Research in Motion (RIM) posted huge losses for its first quarter, admitting the outlook for the rest of the year...
was just as bleak.
In an earnings call to investors last night, the BlackBerry manufacturer confirmed revenues had fallen by 38% from the previous quarter, dropping the figure down to $2.8bn – last seen in its 2009 results. It also posted its first net loss since 2003 and admitted the outlook for the second quarter was still negative.
“The next several quarters will be very challenging due to the increasingly competitive environment and we expect [another] operating loss in the second quarter of fiscal 2013,” confirmed the company’s CFO, Brian Bidulka.
As well as the glum figures, RIM confirmed it would cut almost a third of its workforce by the end of 2012, equating to 5,000 job losses across the company, mainly hitting manufacturing.
However, it revealed new hires to the executive team, with Steve Zipperstein from Verizon coming on board as its chief legal officer, Kristian Tear being named as chief operating officer, and Frank Boulben taking on the role of chief marketing officer.
BlackBerry 10 mobile OS launch delayed
RIM also disclosed that the launch of its BlackBerry 10 platform, initially expected later this year, would be delayed until at least the first quarter of 2013.
RIM CEO Thorsten Heins said the new operating system (OS) “remains our number one priority”, but a long integration process and the challenge of making it ready for global release had taken longer than planned.
“These issues are not related to quality, [but] it has become clear a schedule working towards this calendar year is no longer realistic,” he said on last night’s call.
“I will not deliver a product to the market which is not ready to fulfil the needs of our customers [and] there will be no compromise on this issue.”

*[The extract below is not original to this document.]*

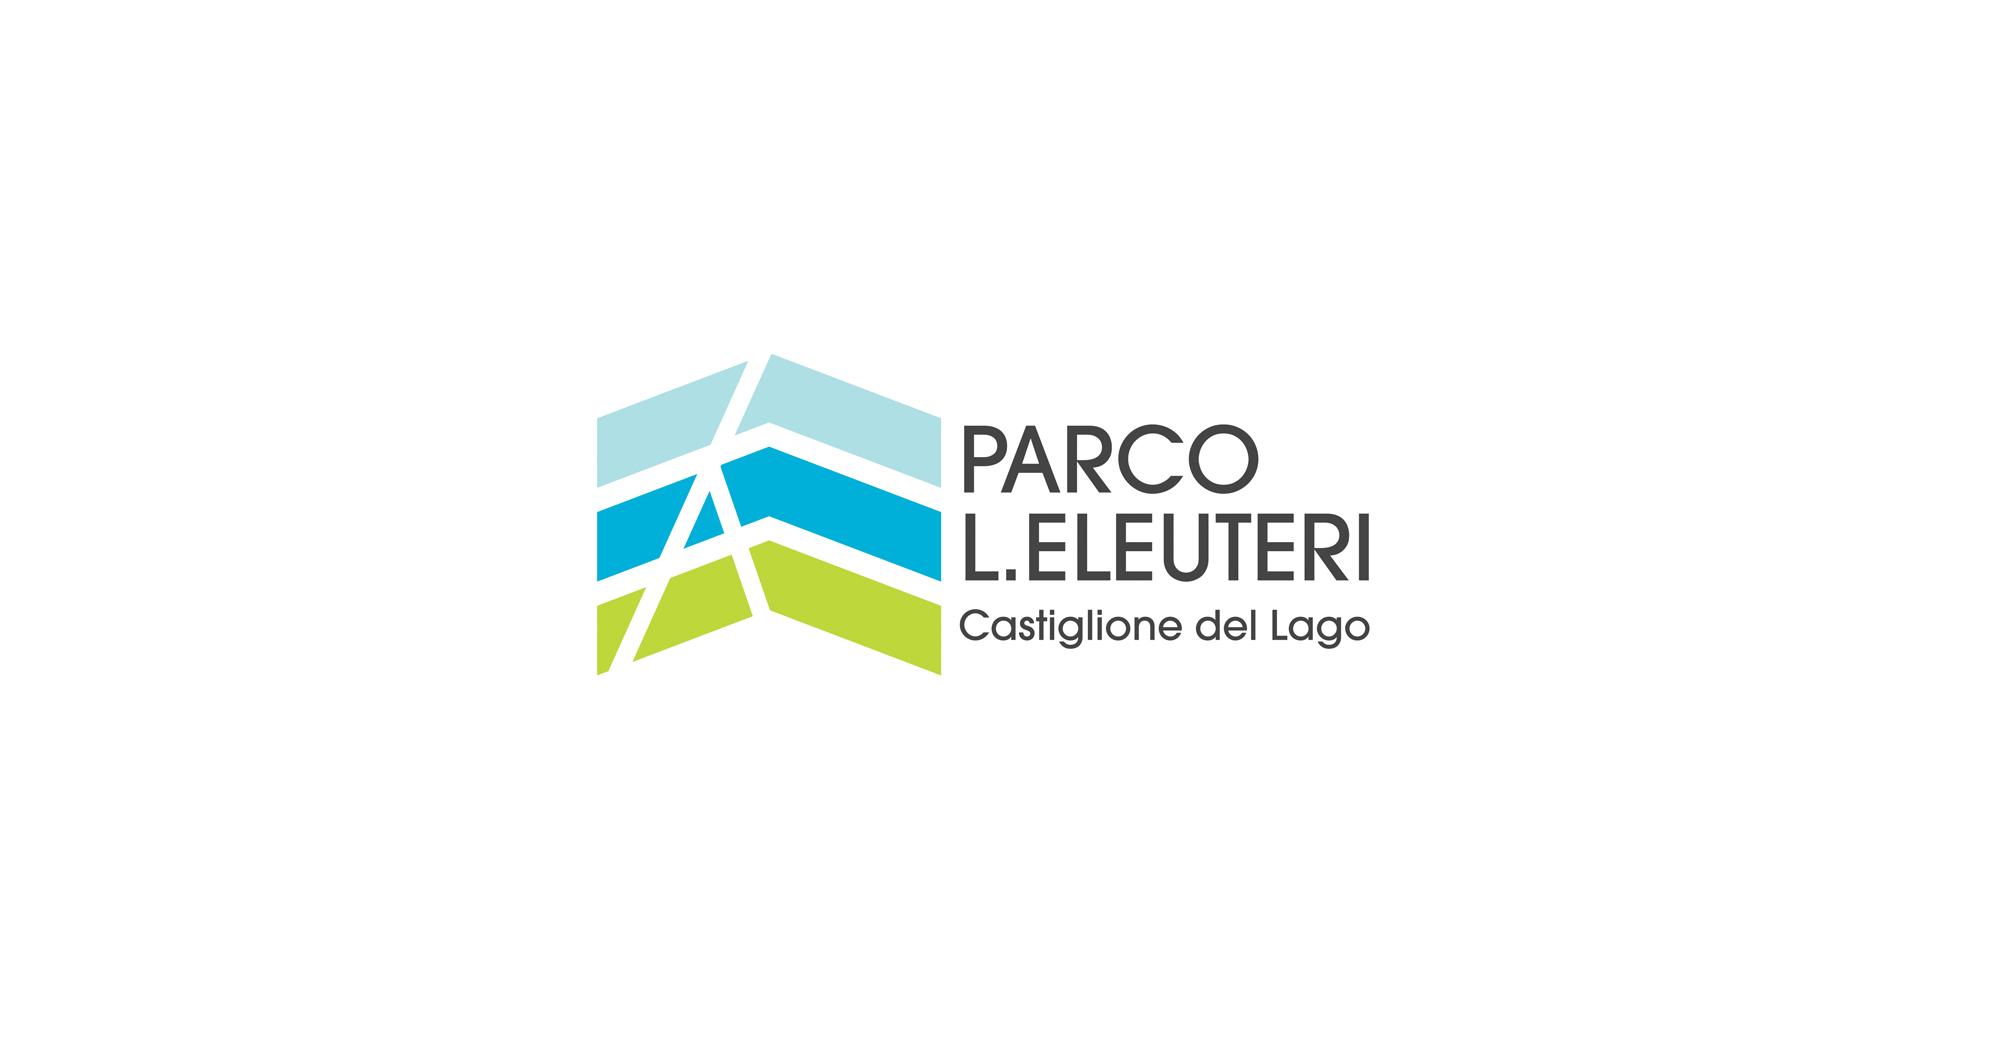 Parco L. Eleuteri logotype

When it is released, Heins confirmed the BlackBerry 10 OS would only launch on high-end smartphone devices to minimise the cost of rolling it out. He also said the BlackBerry portfolio would be cut down to reduce marketing spend, as well as R&D.
“This was a challenging quarter. I am not satisfied with the financial report we are giving you today,” he added.
“I understand this is an incredibly difficult message to deliver, but it is necessary to change scale and refocus the company on areas of highest opportunity."
Heins said it wanted to move forward as a "lean and nimble" organisation that can act quickly, and assured investors that it would not go ahead with a change of this magnitude if it didn’t think it was critical for RIM's future.
After the results, the company's stock price fell dramatically, dropping 17% in after-hours trading to hit a low of $7.75, which valued the company at less than $4bn.